Отряд, прибывший в Канусий, насчитывал около пяти тысяч человек, но каждый день добавлялись новые, и всем оказывала помощь и хлебом, и одеждою, и даже деньгами знатная женщина, по имени Буса. Среди спасшихся было четверо военных трибунов. Вместе с немногими другими они собрались на совет и долго толковали, что делать дальше, как вдруг один юноша поднялся и объявил:
– Напрасно раздумываете вы о будущем. Наше государство уже мертво, мы можем только плакать о нем, воскресить же его не можем. Молодые люди из лучших семей во главе с Марком Цецилием Метеллом решили покинуть Италию и искать пристанища у кого-нибудь из заморских царей.
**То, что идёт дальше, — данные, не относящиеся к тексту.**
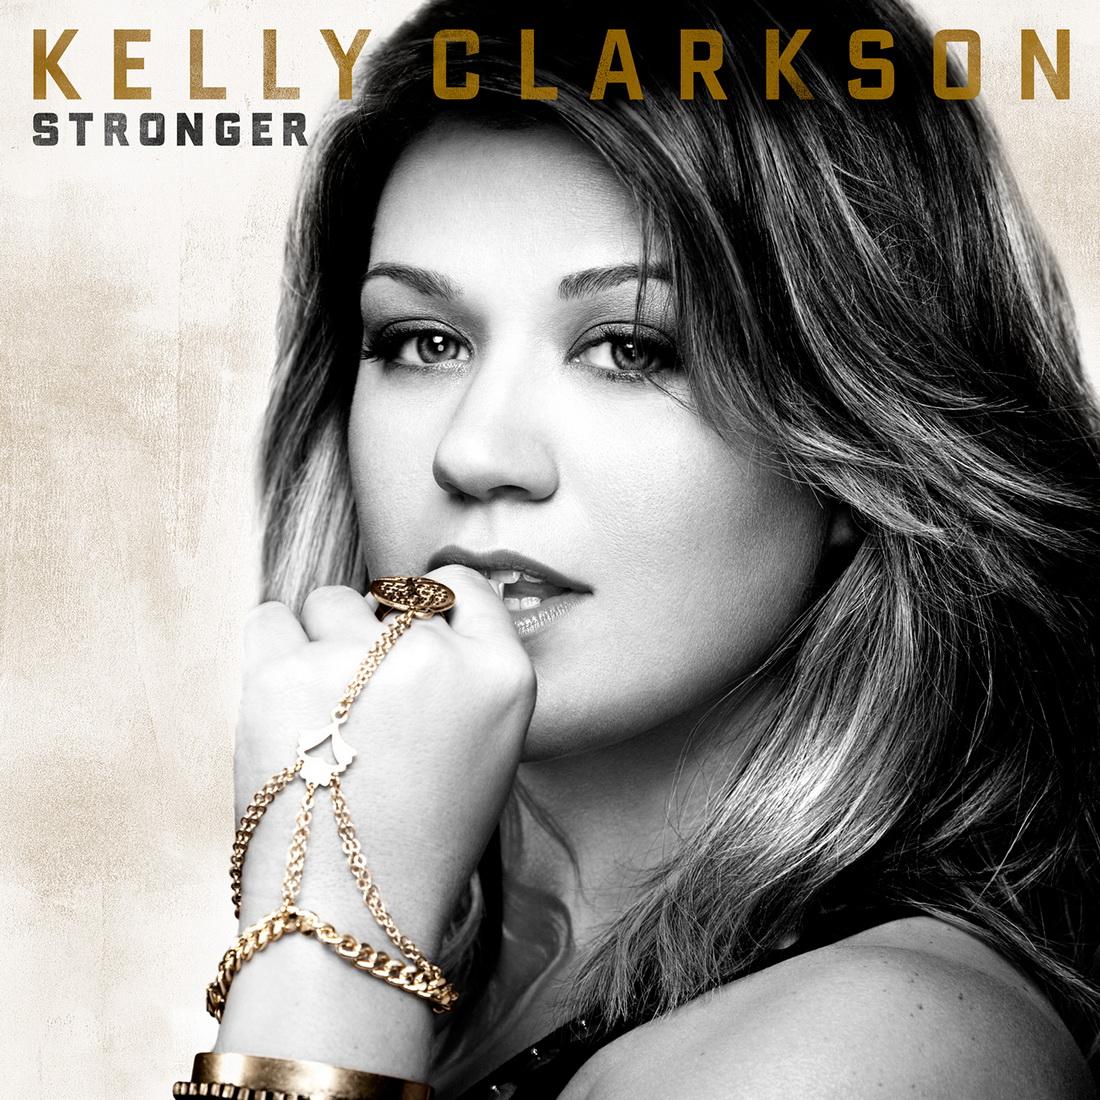 http://2.bp.blogspot.com/-K7fFc3_XNGA/T9U0it9cecI/AAAAAAAABUA/sUkYiJPbxWM/s1600/Kelly+Clarkson+02.jpg

Все присутствующие оцепенели и сперва не могли вымолвить ни звука, а потом раздались голоса, что надо бы обсудить это внезапное и ужасное сообщение, но Публий Корнелий Сципион[24] (несмотря на молодость, он был уже военным трибуном) воскликнул:
– Теперь не время обсуждать и совещаться – время действовать, и как можно решительнее. К оружию – и за мной!
Там, где созрел этот неслыханный замысел, там и только там – главный лагерь наших врагов!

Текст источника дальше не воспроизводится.